Kelicula has asked for the wisdom of the Perl Monks concerning the following question:

Greetings Perl Monks!

I am NOT new to Perl but I am VERY new to "forking" or "threading". What I am trying to do is have a certain number of processes running continuously and when one finishes another one takes it's place... I almost had it this morning then after trying SO MANY different things, I can't even find the original code!! ARG.... But it's driving me crazy.. I know I am so close...

So let's say I have 33 clients, and I want to process 10 of them at a time, I open one then the next, etc until I reach 10, then I want to wait until "any" one of those ten is finished, then start client 11, and so on so forth...

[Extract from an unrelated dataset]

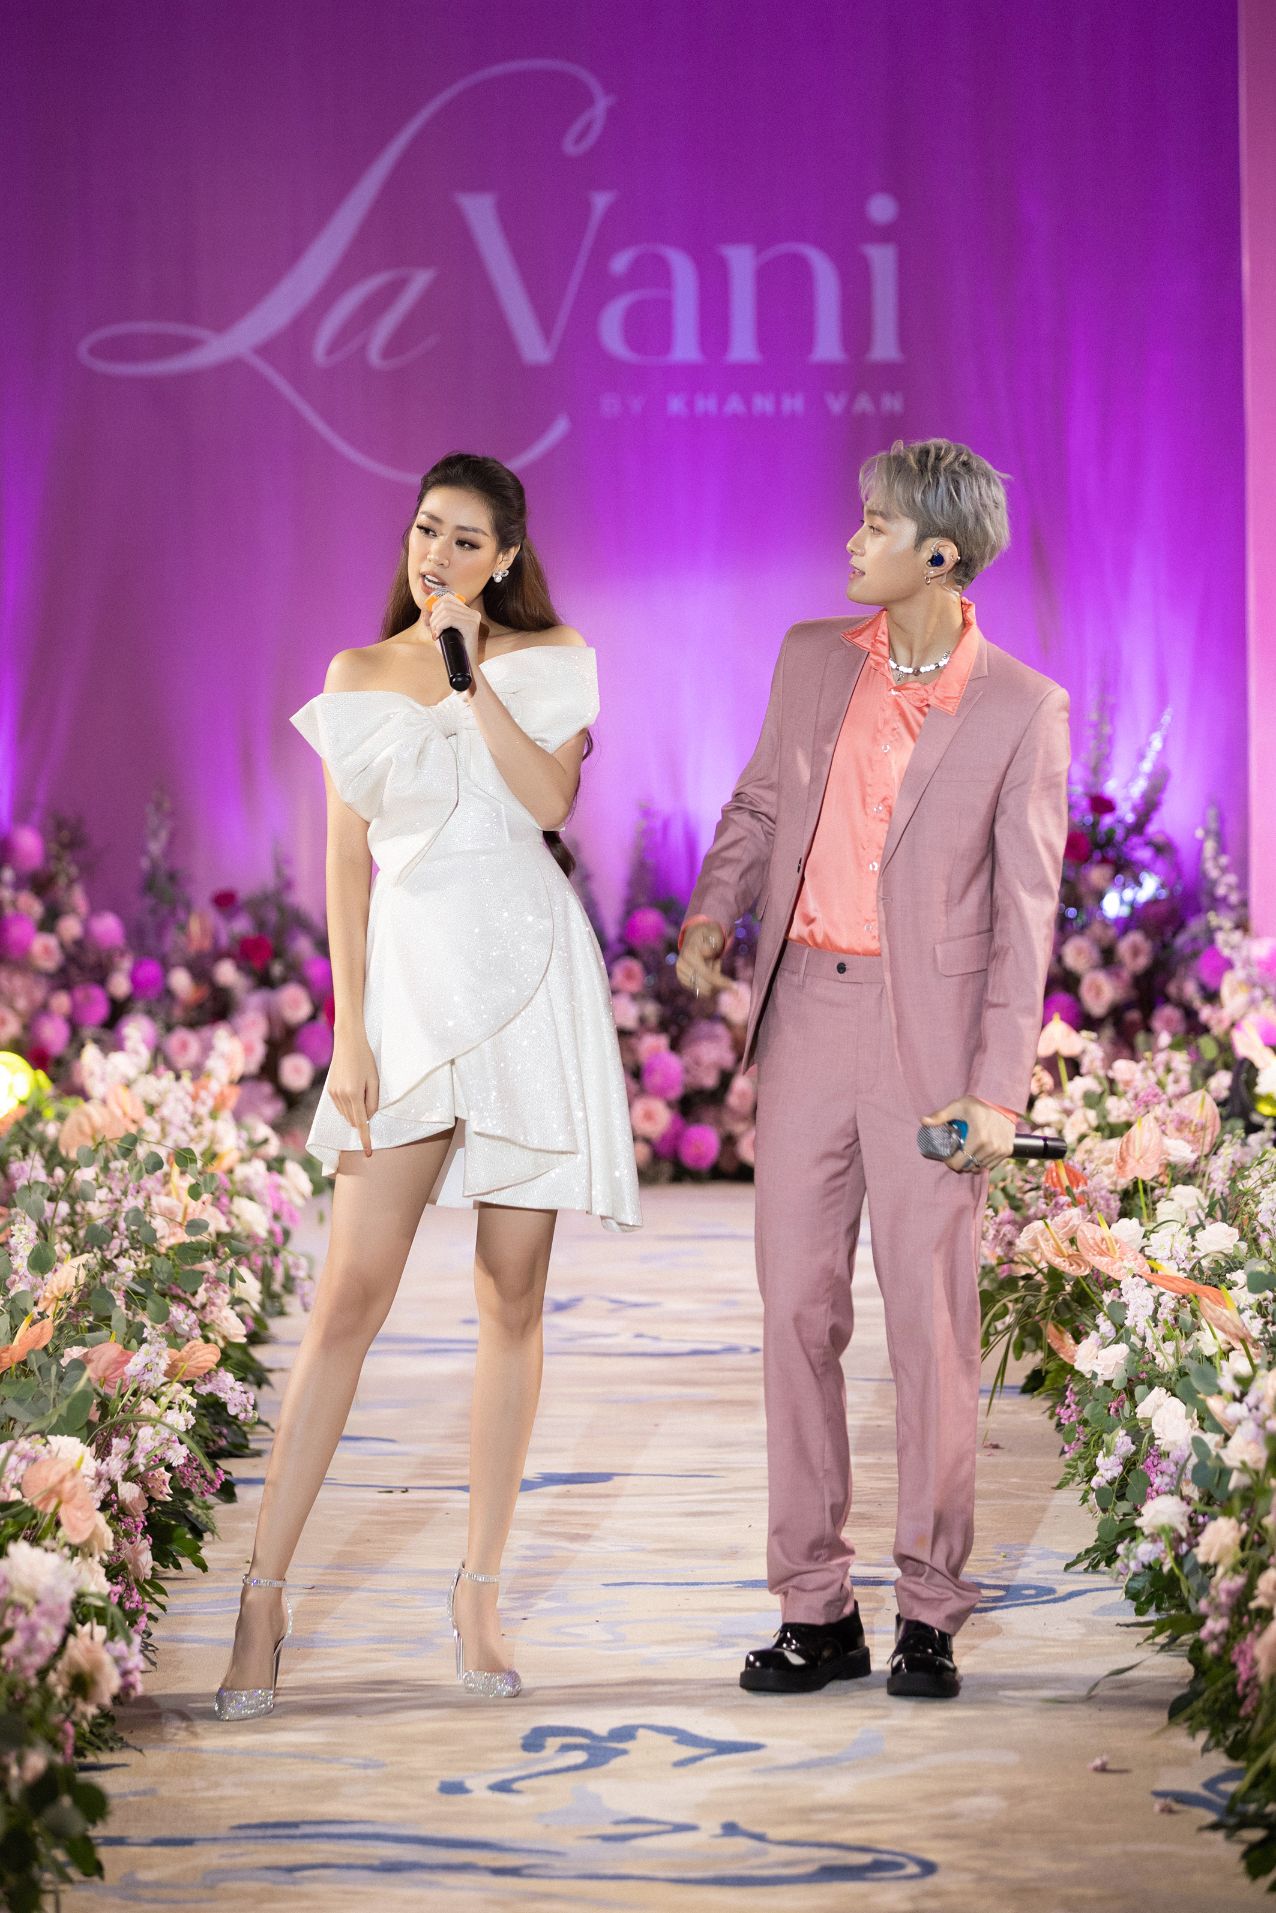 Lavani Grand Opening60 Hoa hậu Khánh Vân ra mắt thương hiệu thời trang riêng
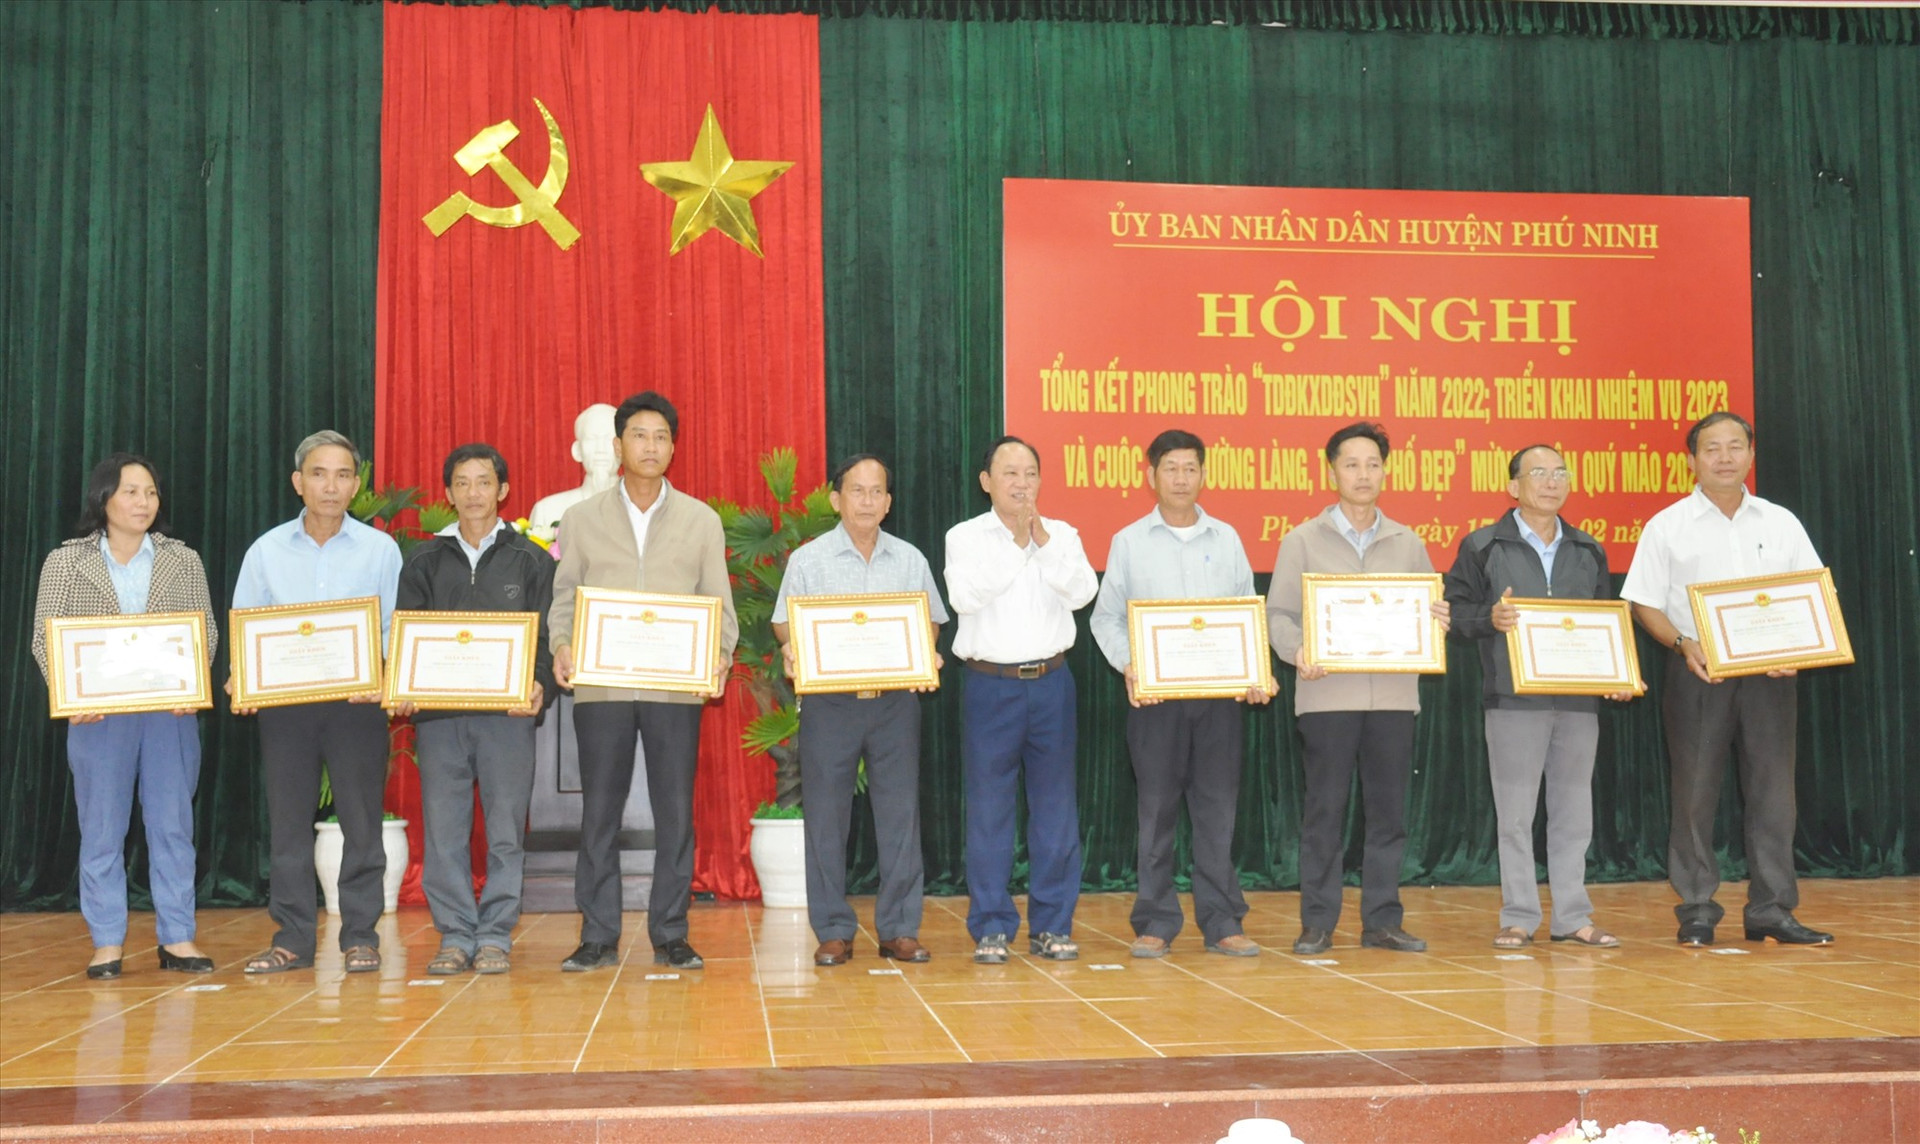 Lãnh đạo huyện Phú Ninh trao tặng Giấy khen của UBND huyện cho các tập thể có thành tích xuất sắc trong phong trào “Toàn dân đoàn kết xây dựng đời sống văn hóa” trên địa bàn huyện năm 2022. Ảnh: N.Đ

Here's what I have so far...

#!/usr/bin/perl

use feature qw/say/;


my $count = 1;

CLIENT:
for my $i (1..33){
  
  if ( $count > 10 ) {
    
    say "waiting for open process";
    while (1) {
      
      if ( wait() ){
        $count = 1;
        redo CLIENT;
      }
    }
  }
  else{
    
    # Stagger the initiating to help CPU
    sleep(5);
  }
  
  $count++ and next if( my $pid = fork() );
  
  unless( $pid ){
    
  say "Processing client $i process count $count";
  # Emulate the time it would take to process..
  sleep(60);
  
  exit;
    
  }
}
[download]

The out put I'm getting is:

Processing client 1 process count 1
Processing client 2 process count 2
waiting for open process
Processing client 3 process count 3
Processing client 4 process count 4
Processing client 5 process count 5
Processing client 6 process count 6
Processing client 7 process count 7
Processing client 8 process count 8
Processing client 9 process count 9
Processing client 10 process count 10
waiting for open process
Processing client 11 process count 1
Processing client 12 process count 2
Processing client 13 process count 3
Processing client 14 process count 4
Processing client 15 process count 5
Processing client 16 process count 6
Processing client 17 process count 7
Processing client 18 process count 8
Processing client 19 process count 9
waiting for open process
Processing client 20 process count 10
Processing client 21 process count 1
Processing client 22 process count 2
Processing client 23 process count 3
Processing client 24 process count 4
Processing client 25 process count 5
Processing client 26 process count 6
Processing client 27 process count 7
Processing client 28 process count 8
Processing client 29 process count 9
Processing client 30 process count 10
Processing client 31 process count 1
Processing client 32 process count 2
Processing client 33 process count 3
[download]

What's going on here?

What am I missing?

I've also tried implementing it with Parallel:ForkManager and Thread::Queue ... Just seems that I'm missing something very simple yet elementary.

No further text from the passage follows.